Prompt: The reply should reproduce every line of the data below word for word, minus any images.

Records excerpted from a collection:

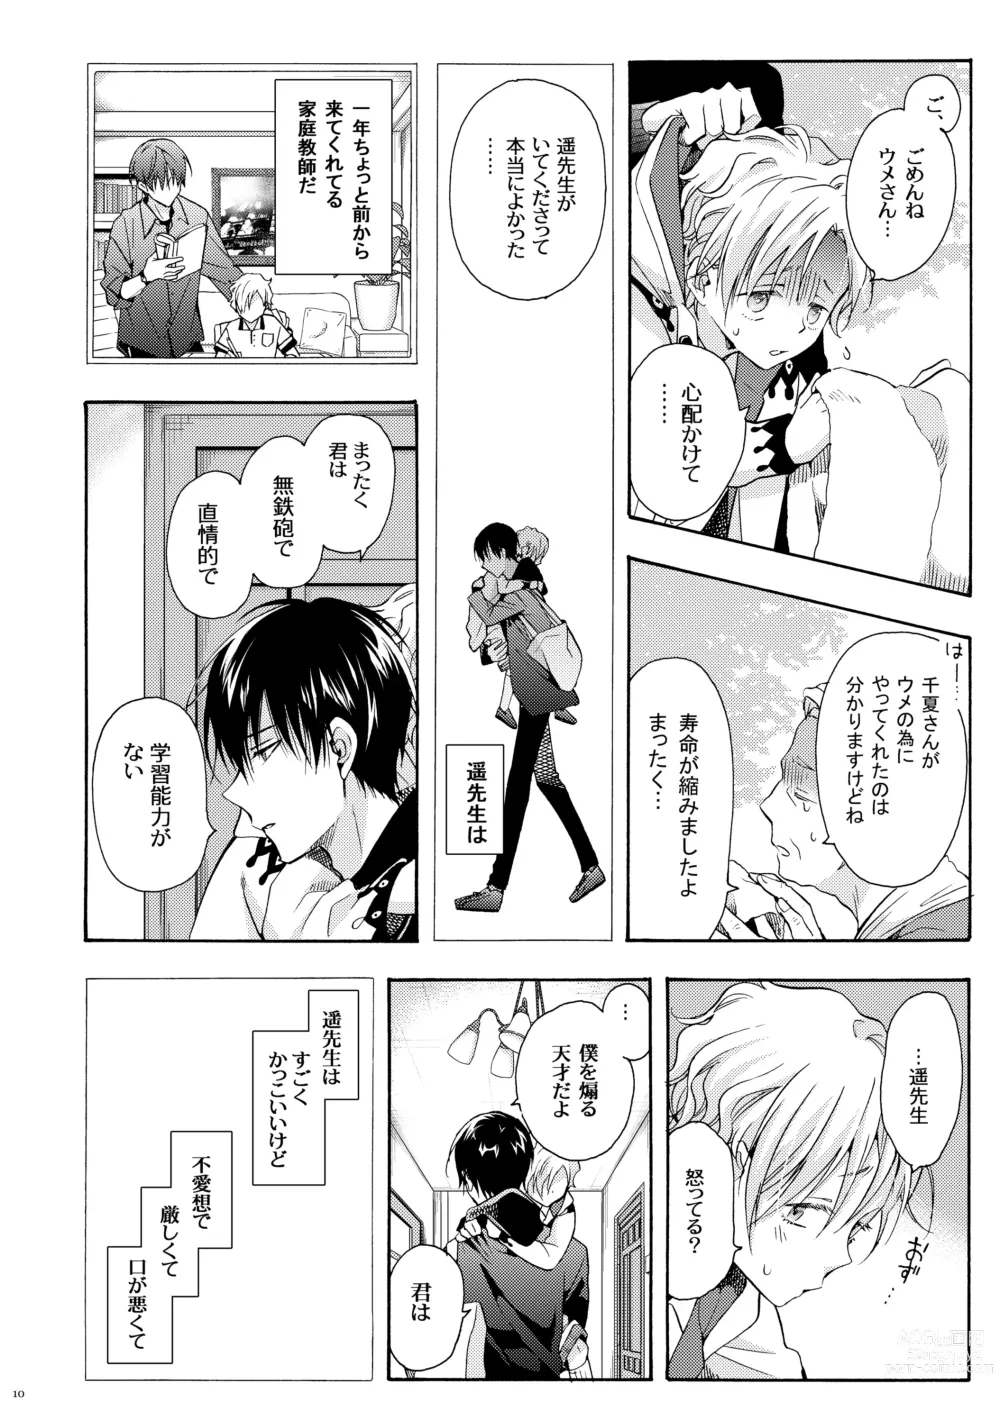 Page 9 of manga Boku no Tame no Omega
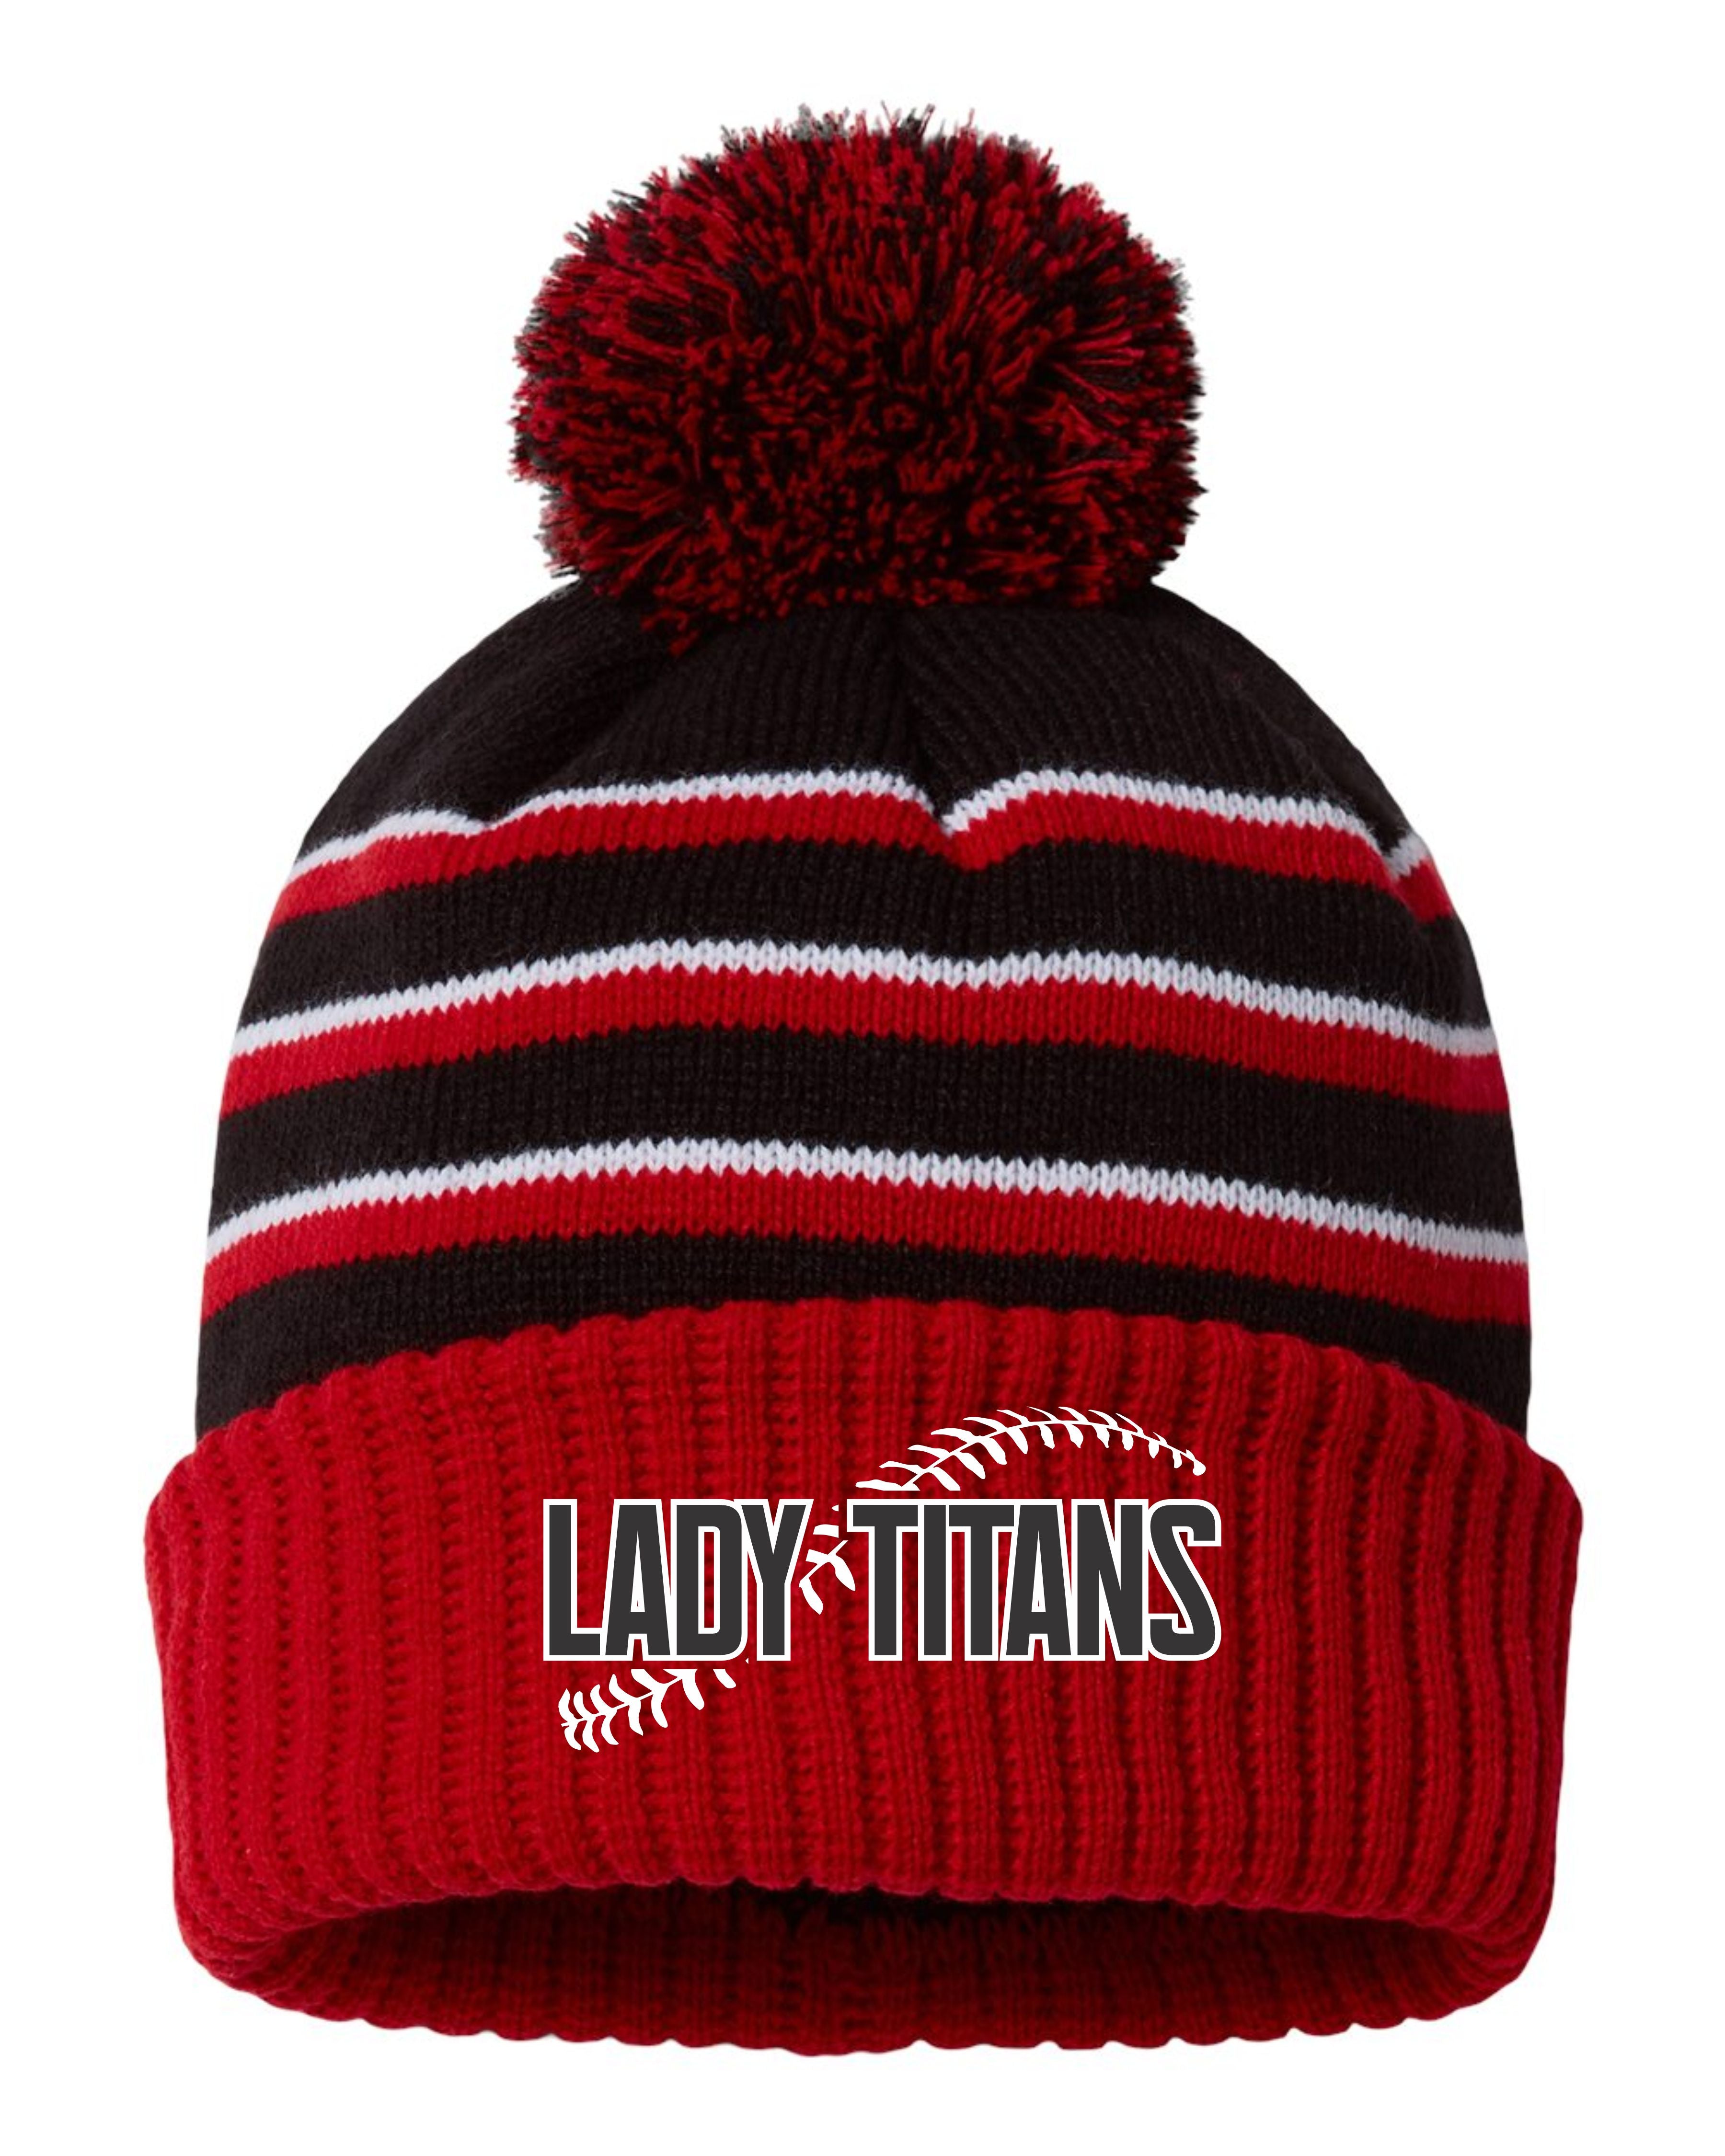 Lady Titans SB Stocking Hat
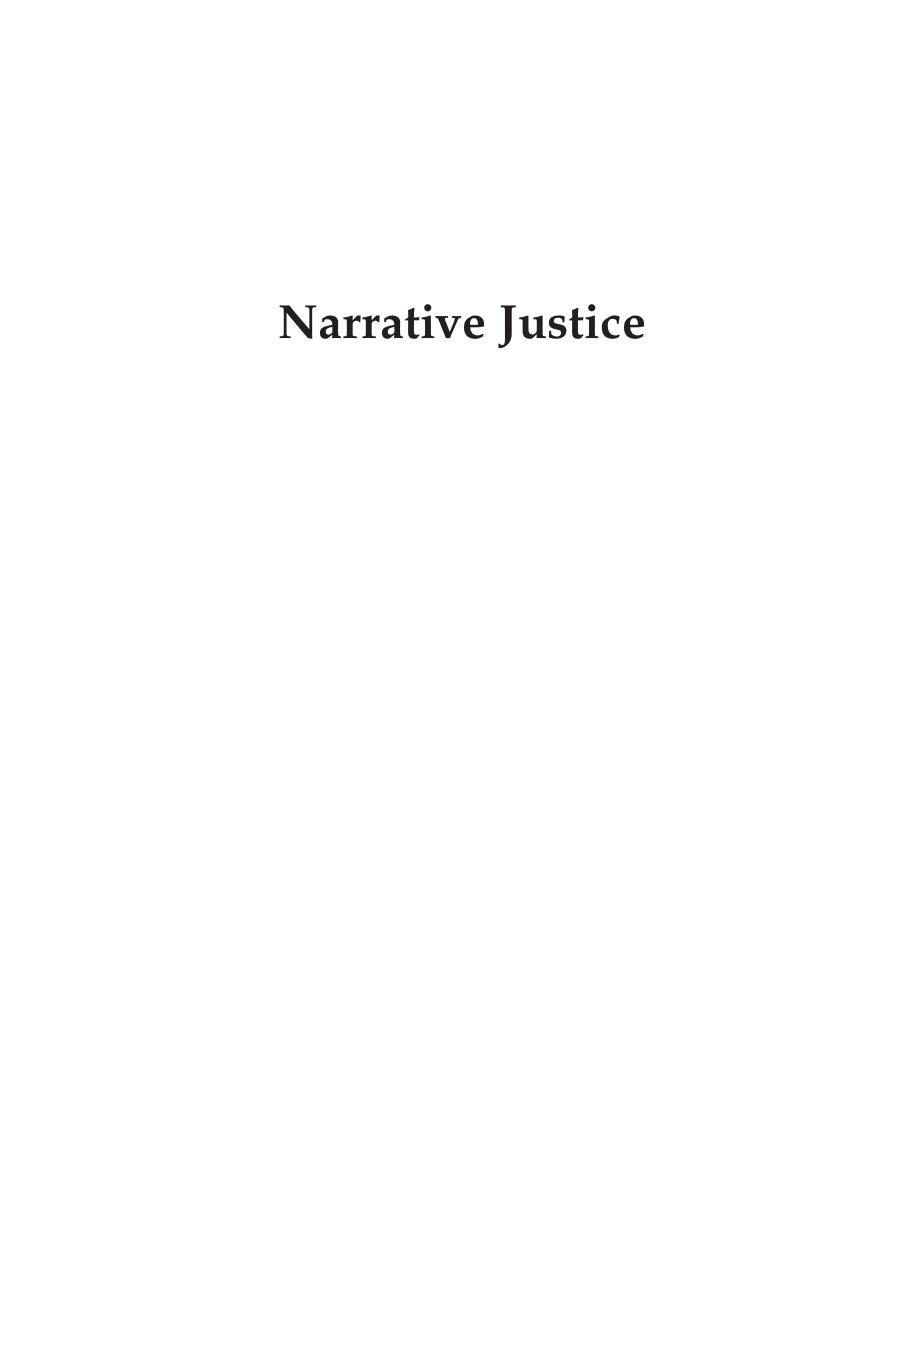 Narrative Justice by Rafe McGregor
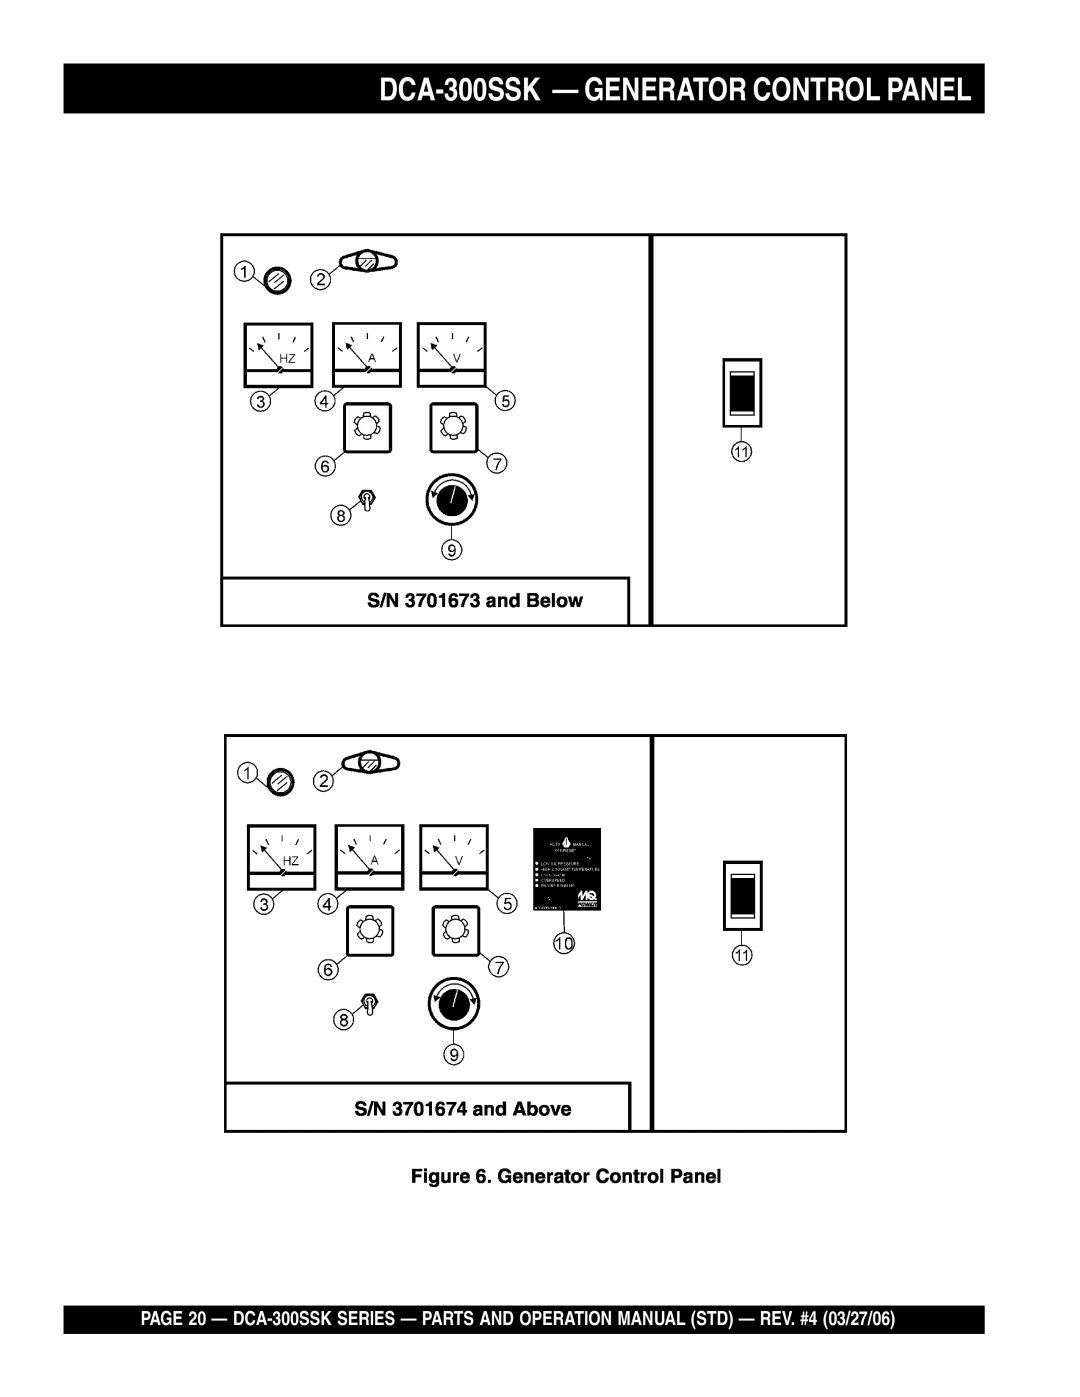 Multiquip DCA-300SSK - GENERATOR CONTROL PANEL, S/N 3701673 and Below S/N 3701674 and Above, Generator Control Panel 
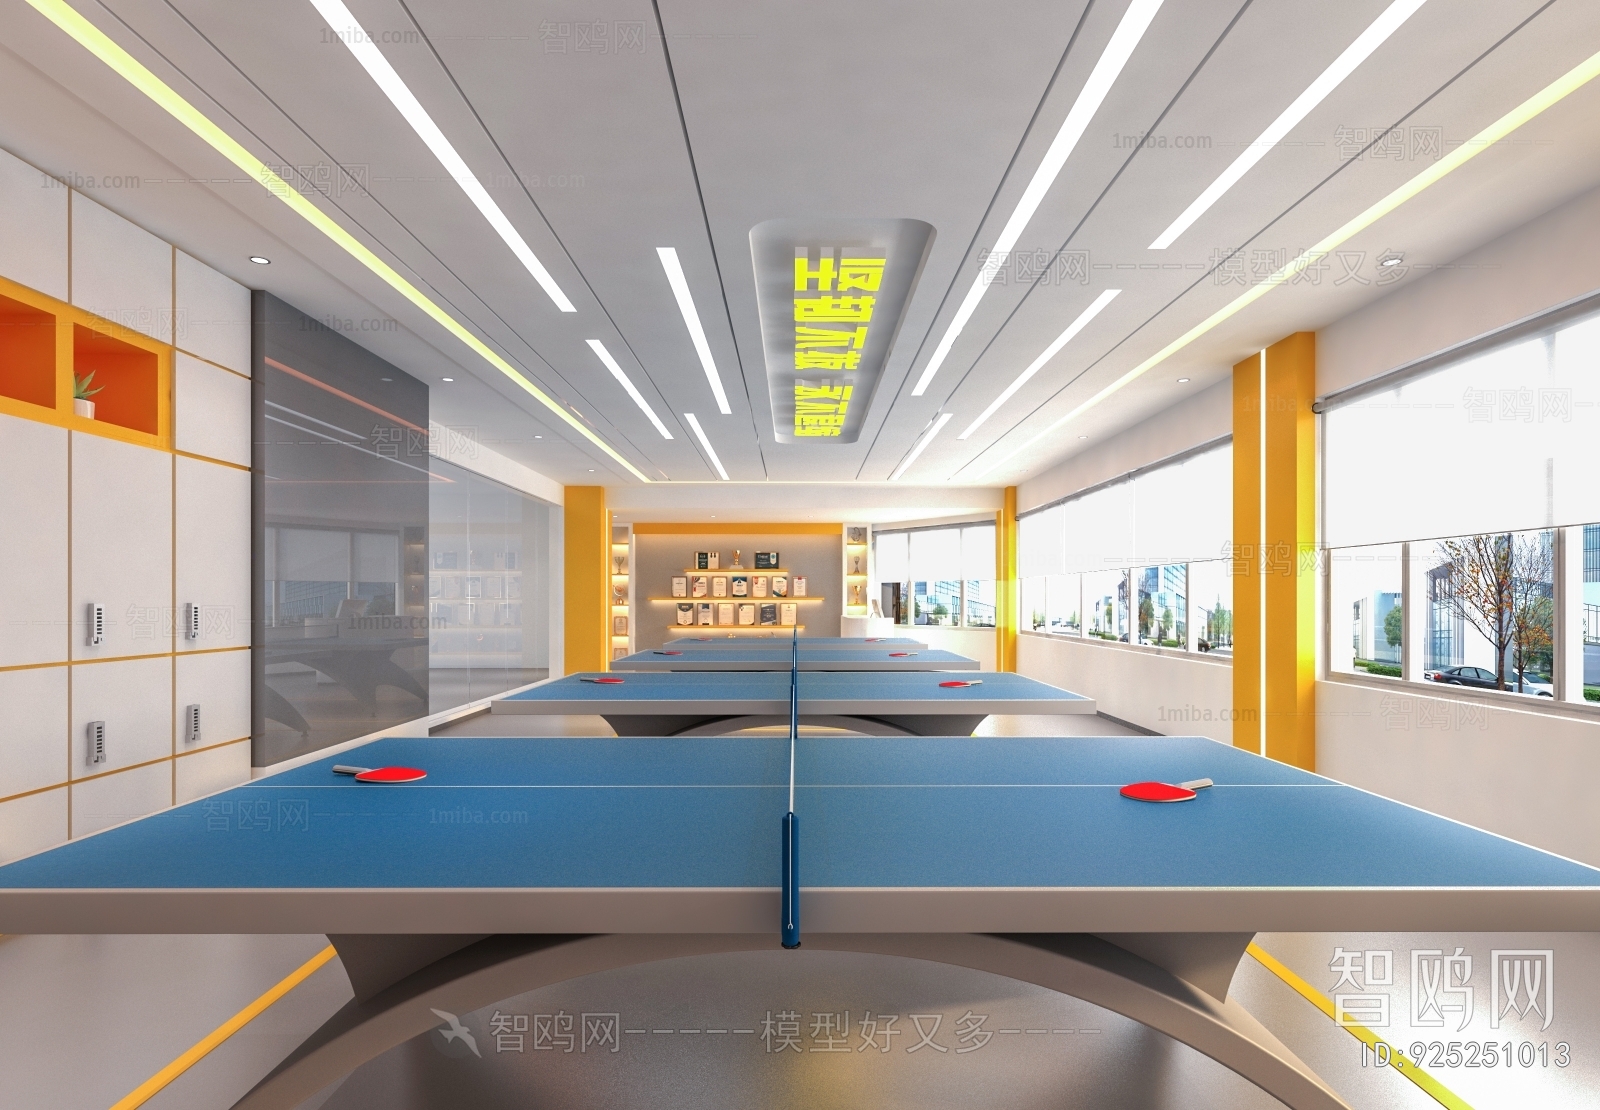 Modern Table Tennis Arena

Output for this task:
 Page 9 of manga Boku no Tame no Omega
 Lady Titans SB Stocking Hat
 Narrative Justice by Rafe McGregor
 Multiquip DCA-300SSK - GENERATOR CONTROL PANEL, S/N 3701673 and Below S/N 3701674 and Above, Generator Control Panel 
 Modern Table Tennis Arena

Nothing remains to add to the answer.